Edenthiel wrote:
You see, if these modern people "speaking in tongues" were actually "filled with the Holy Ghost"...EVERYONE WOULD BE ABLE TO UNDERSTAND THEM!
They had that covered. After someone spoke in tongues someone else would interprate. I think the interprater was just making up some religous sounding pleasantries about how God would help everone in much the same way the speaker was making up random sylables (not evidence of God's power acting on them if you ask me).
It's a lot like the Oracle at Delphi, how the gibberish of the Oracle had to be "interpreted" by the priests and they would make the prophesy say anything they felt was convenient for them.

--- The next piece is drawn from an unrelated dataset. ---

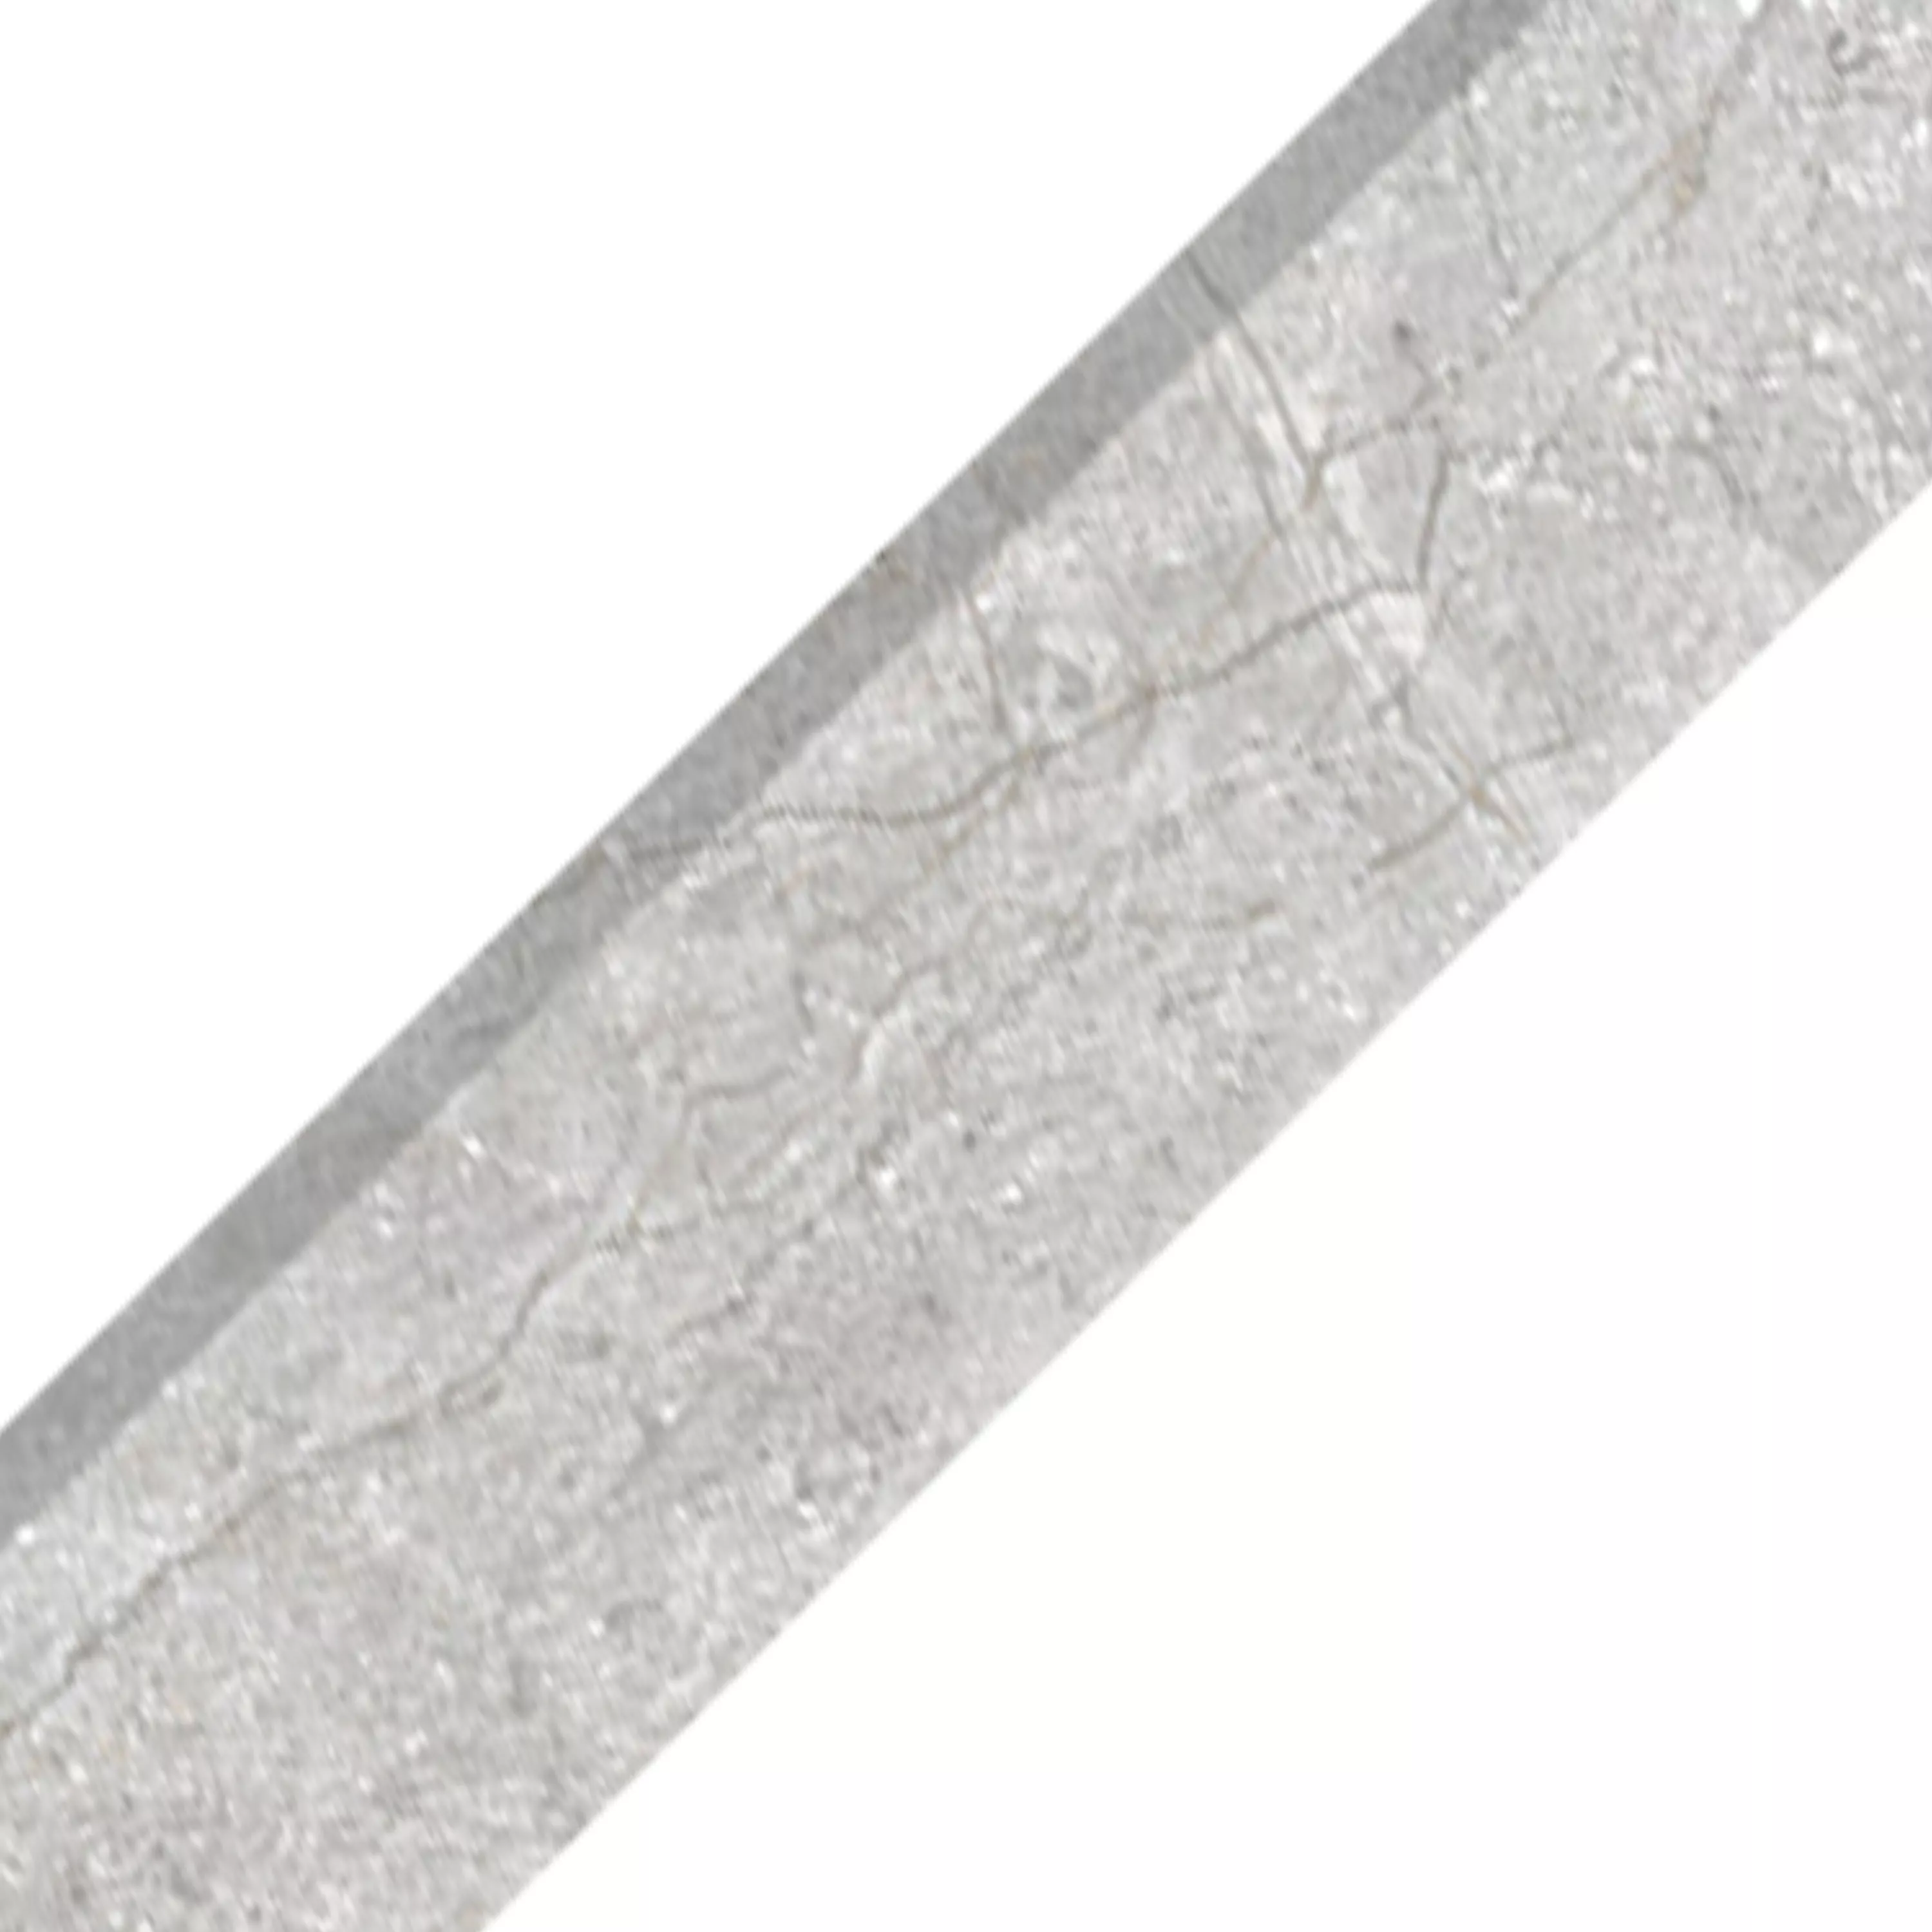 Bodenfliesen Pangea Marmoroptik Matt Silber Sockel 7x60cm

I wonder how much of the Bible was influenced by Greek ideas. The Greek culture was very pervasive at the time. Remember that about a third of the Bible was written in Greek. I think perhaps it was written for Greeks, by Greeks, in the Greek language by men who had never set foot in Israel.

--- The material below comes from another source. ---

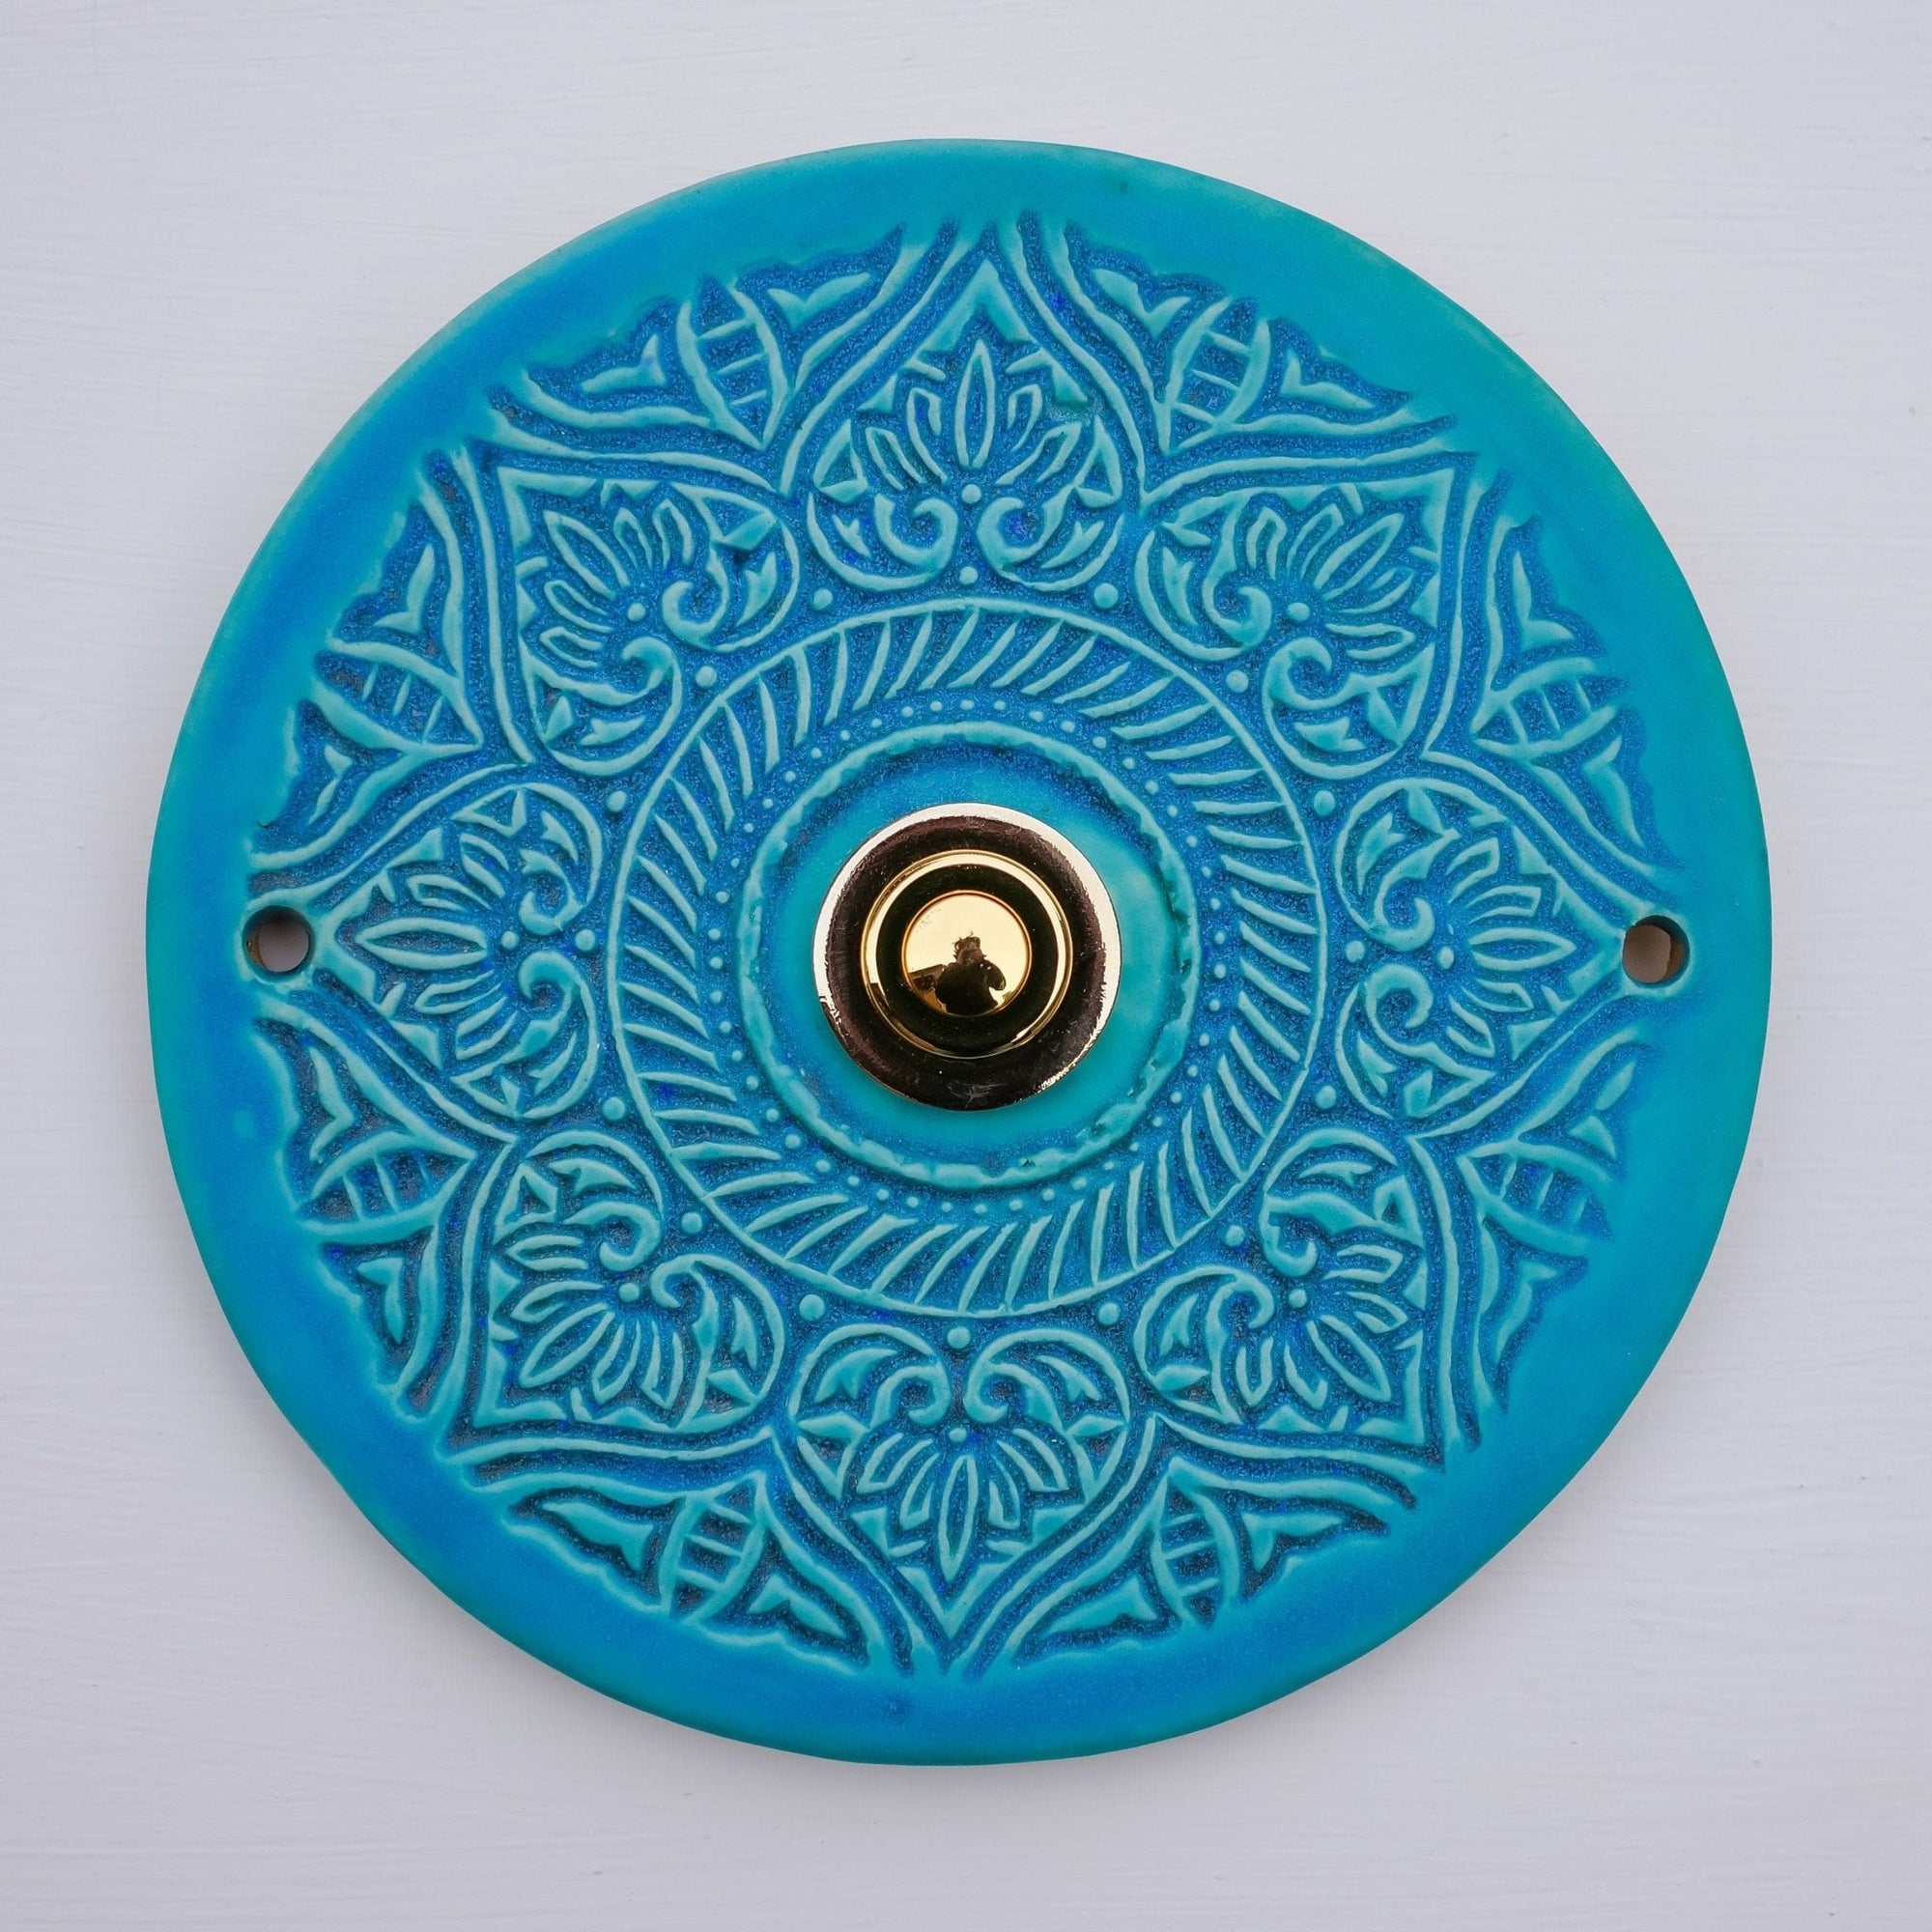 F Bell plate, ceramic bell sign (14-15 cm)

I don't think the New Testament could be from Israel because the ideas in it seem very unjewish. The idea of God becoming a flesh and blood man seems very unjewish. For the Jews, God is entirely separate from man. For the Jews, God turning into a man would be like a fish riding a bicycle.
I think some of Jesus' ideas like turning the other cheek might come from Greek philosophers. Didn't Epicurus say something similar? Perhaps combined with ideas from the Cult of John the Baptist, which was extremely popular at the time.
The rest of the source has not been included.